═══ Exercise materials ═══
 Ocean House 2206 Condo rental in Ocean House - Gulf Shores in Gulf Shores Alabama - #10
═══
═══ Exercise materials ═══
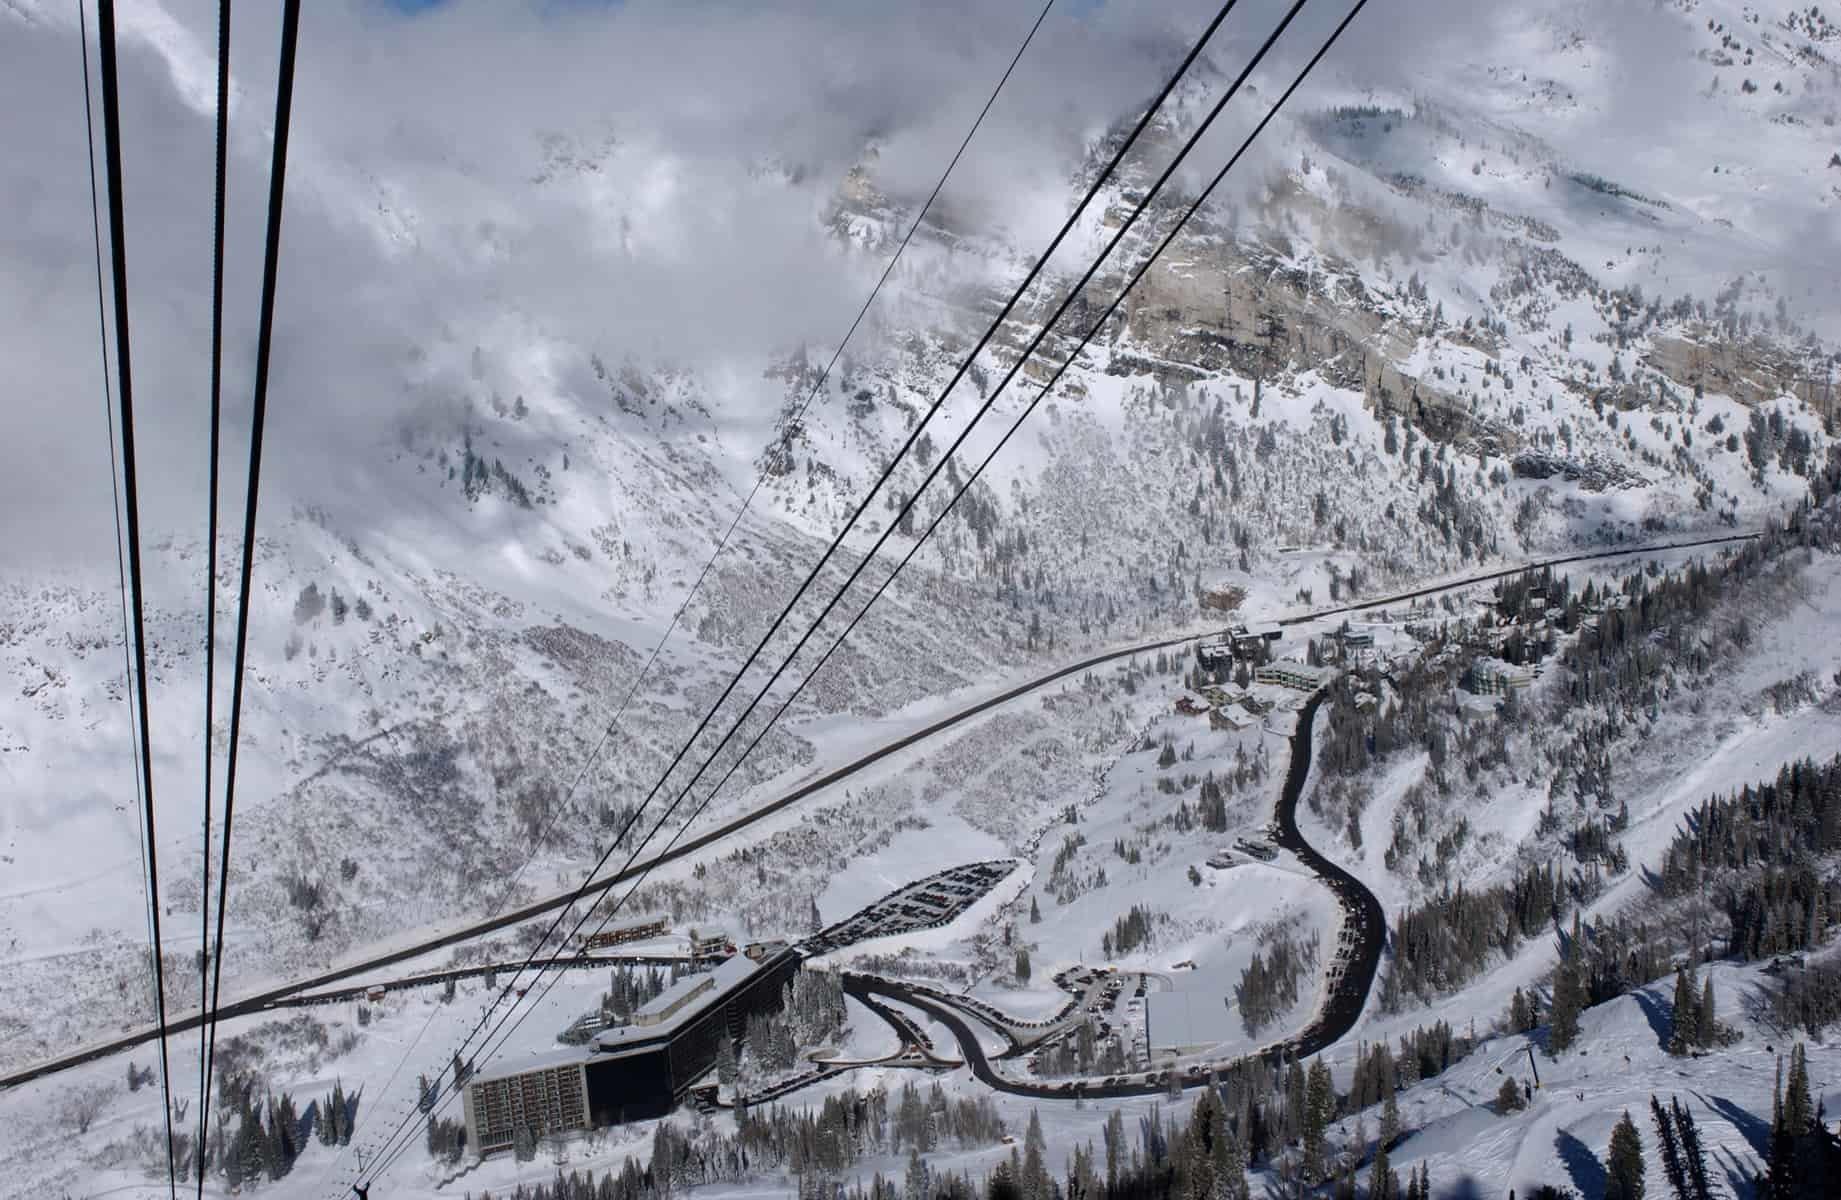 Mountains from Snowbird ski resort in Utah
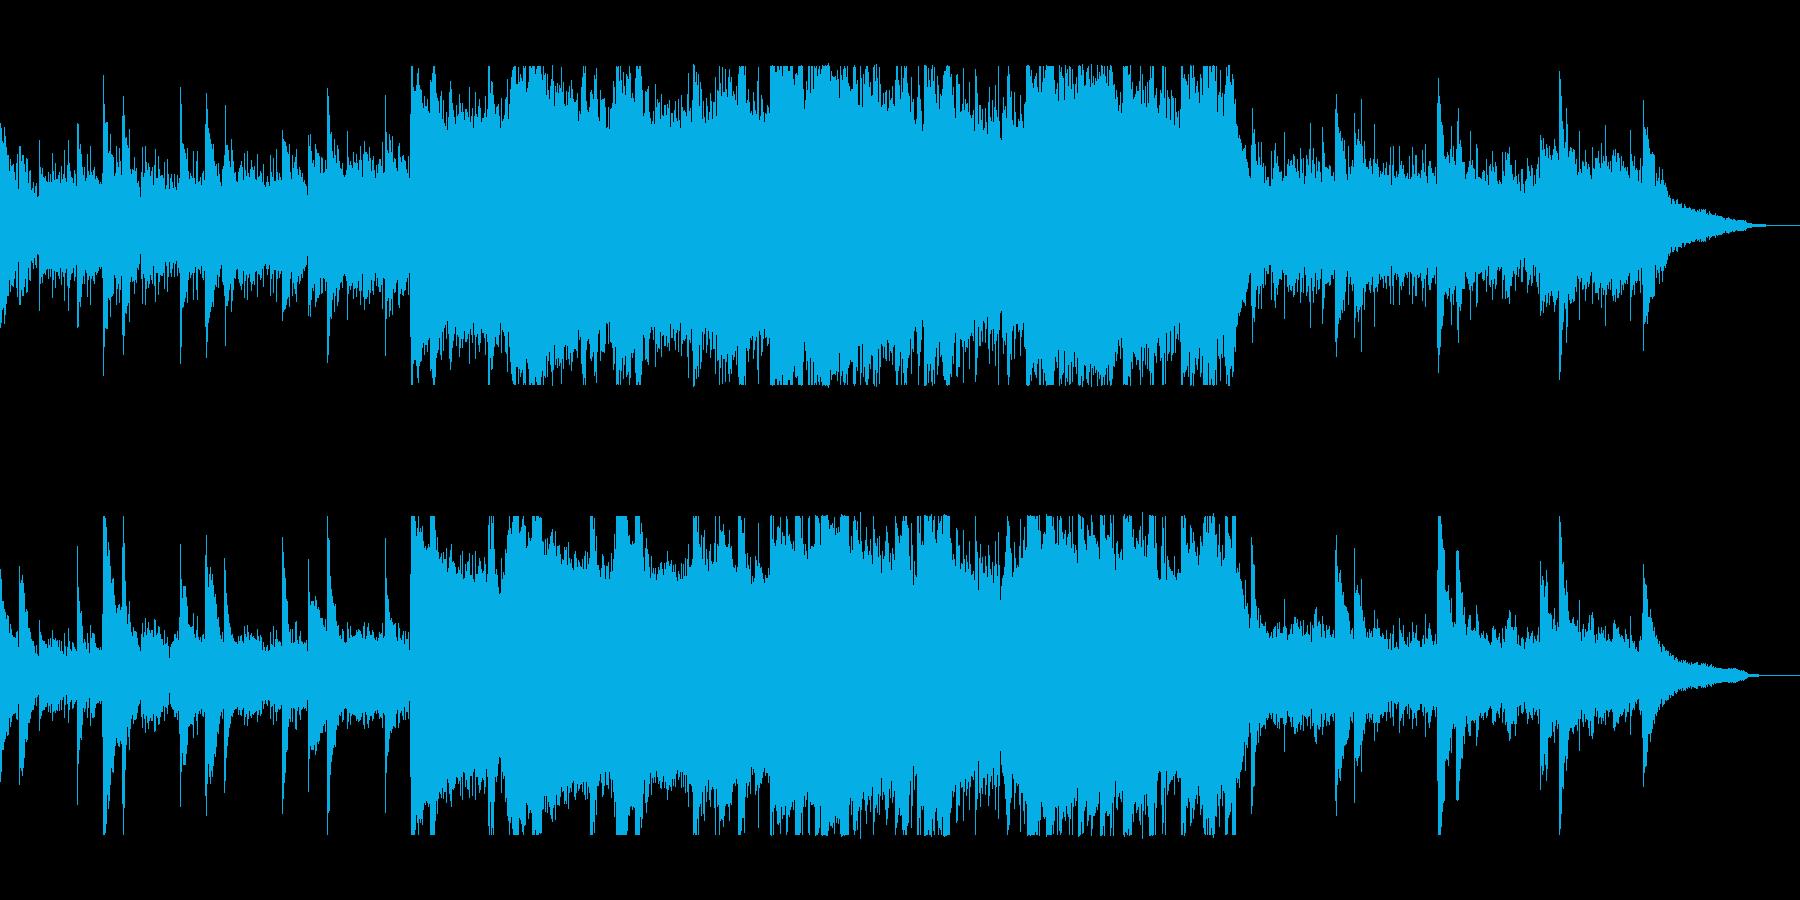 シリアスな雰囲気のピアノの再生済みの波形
═══
═══ Exercise materials ═══
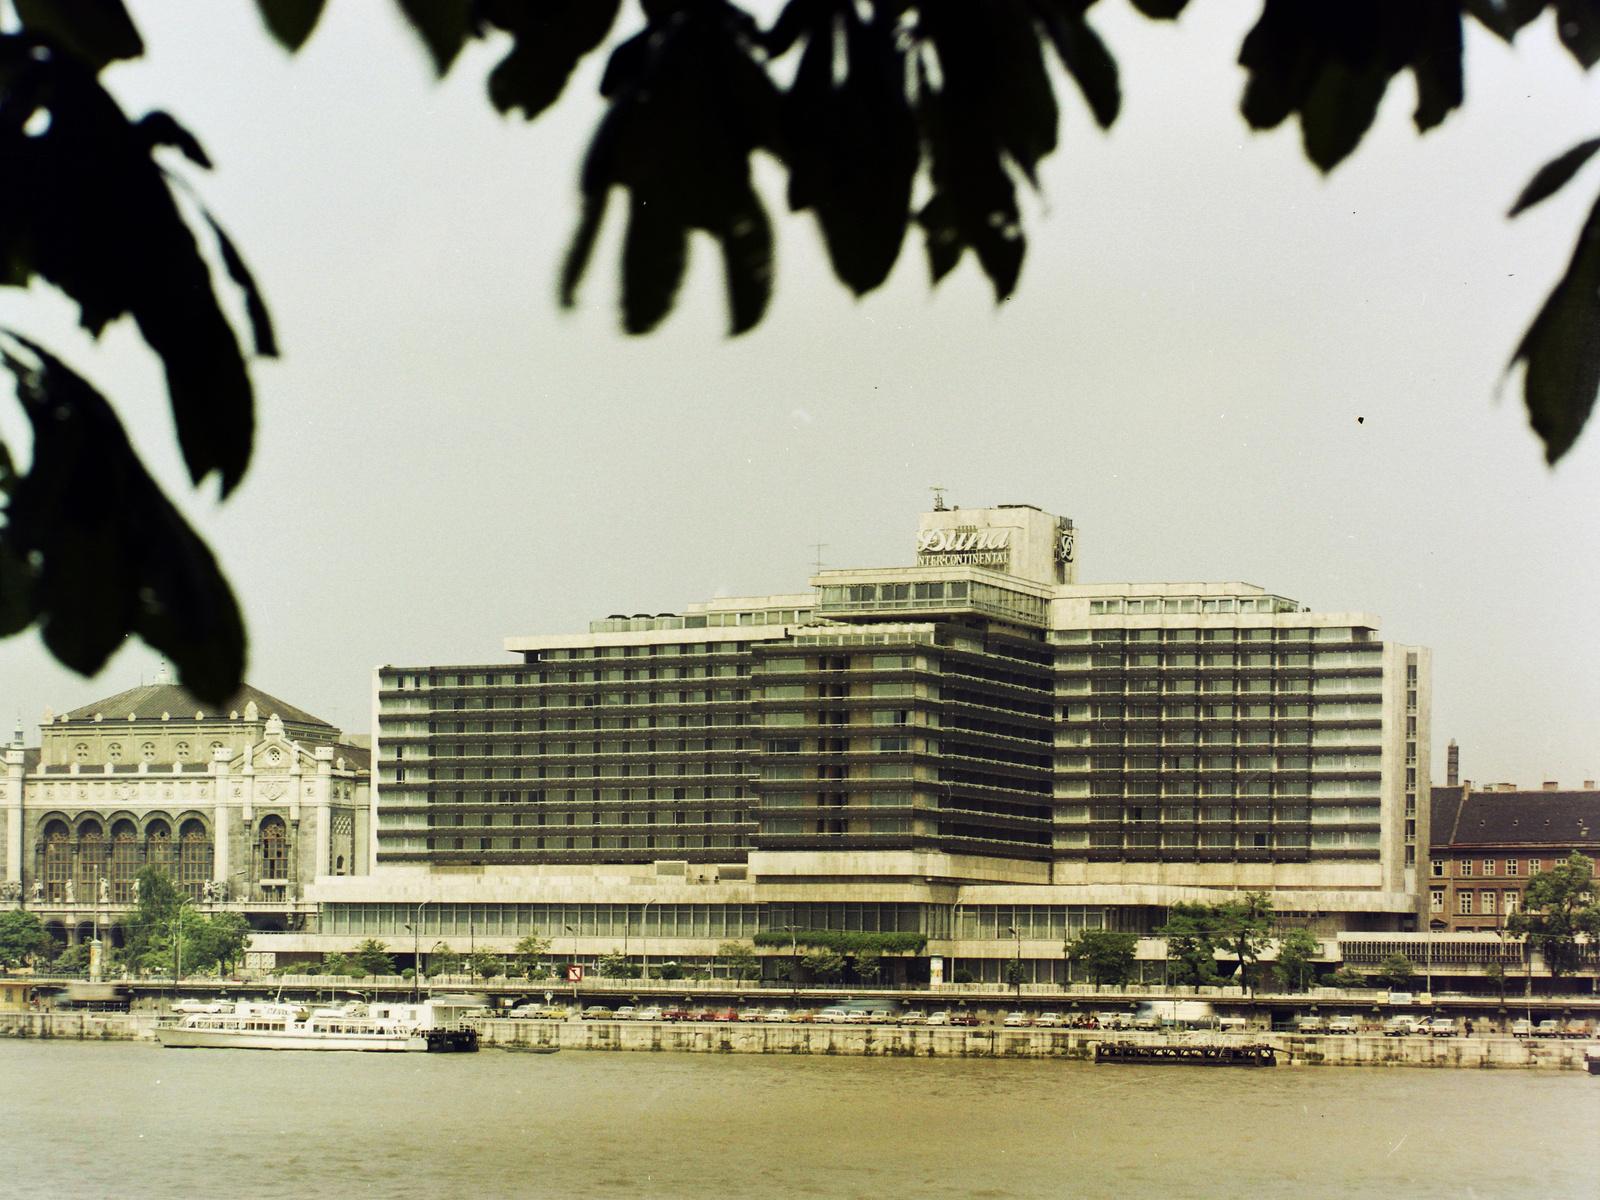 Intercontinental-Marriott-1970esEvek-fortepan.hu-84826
═══
#### Assigned task
When copying from the data above, begin at the line containing "Mountains from Snowbird ski resort in Utah" and end at the line containing "シリアスな雰囲気のピアノの再生済みの波形"; return those lines exactly and leave all pictures behind.

#### Exercise output
 Mountains from Snowbird ski resort in Utah
 シリアスな雰囲気のピアノの再生済みの波形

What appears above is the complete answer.